Parts of Ranjan's adaptation appear highly condensed in comparison with the edition cited by Bennett. For instance, Bennett quotes from her own translation of the episode towards the end of the Goma story, in which an Apsara instructs Chandrawati how to perform the Swasthani vow, and these instructions continue for 26 lines (Bennett 1983: 277), but Ranjan simply gives us "So she asked the Apsaras what she should do. According to their advice, Chandrawati learned to worship the Swasthani with a clean mind" (p. 118). Thus, it would seem that Ranjan has prepared his adaptation for a readership that would find this level of detail irrelevant and tiresome.
It would have been instructive if Pallav Ranjan had provided some insight in his brief preface into the way in which he prepared this adaptation. Certain passages are very close indeed to the original, which suggests that a text was at least consulted, while others are omitted (suggesting an intention to abridge, perhaps) or simply different (suggesting that a different text was consulted or that Ranjan relied on an oral source or his own memory) . It is also a shame that Ranjan's introduction does not really bring out the important role the text has played and continues to play in the lives of so many women in Nepal.

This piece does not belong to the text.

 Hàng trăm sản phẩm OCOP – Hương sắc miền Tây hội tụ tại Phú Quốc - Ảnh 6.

Which brings us to the question of readership. For whom is this 'adaptation' intended? Nepali readers with a mastery of English will admire the elegance of its prose, and will also appreciate this effort to bring this text to the attention of a wider readership. To introduce the text to a foreign readership which is unable to approach it in its original language: would be a worthy aim, but if this is indeed the intention the success of the initiative it is rather circumscribed by the absence of any real explanation or analysis of the text's precise significance and meaning, despite the fluency and accessibility of the English rendering itself. To fully understand what is going on here, a foreign reader would need also to be directed to a work like Bennett's.

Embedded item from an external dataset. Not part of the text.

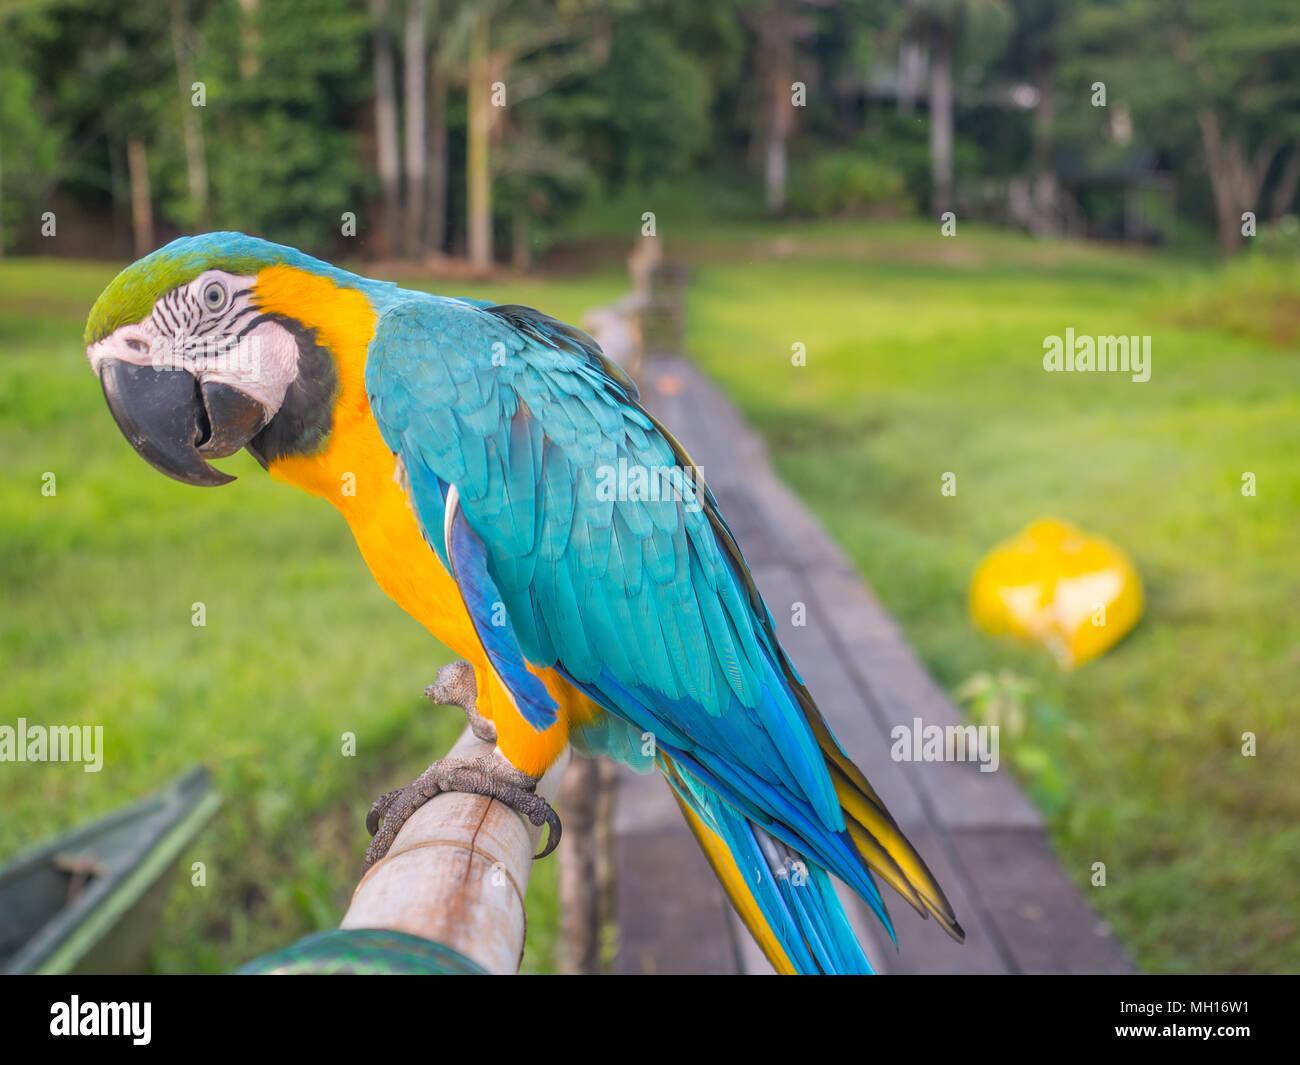 Beau, bleu et jaune (parrot macaw) dans la jungle amazonienne Photo Stock

This is not to detract from Pallav Ranjan's achievement, which is notable and worthy of praise. The text is also greatly enhanced by the inclusion of illustrations whose abstract nature suggests that they emanate from the same mythic dimension in which these stories take place.
SOAS • LONDON CNRS' PARIS SAl' HEIDELBERG
Note by Pallav Ranjan: Some of the ideas and suggestions offered in this review have been incorporated in the second edition of "Swasthani".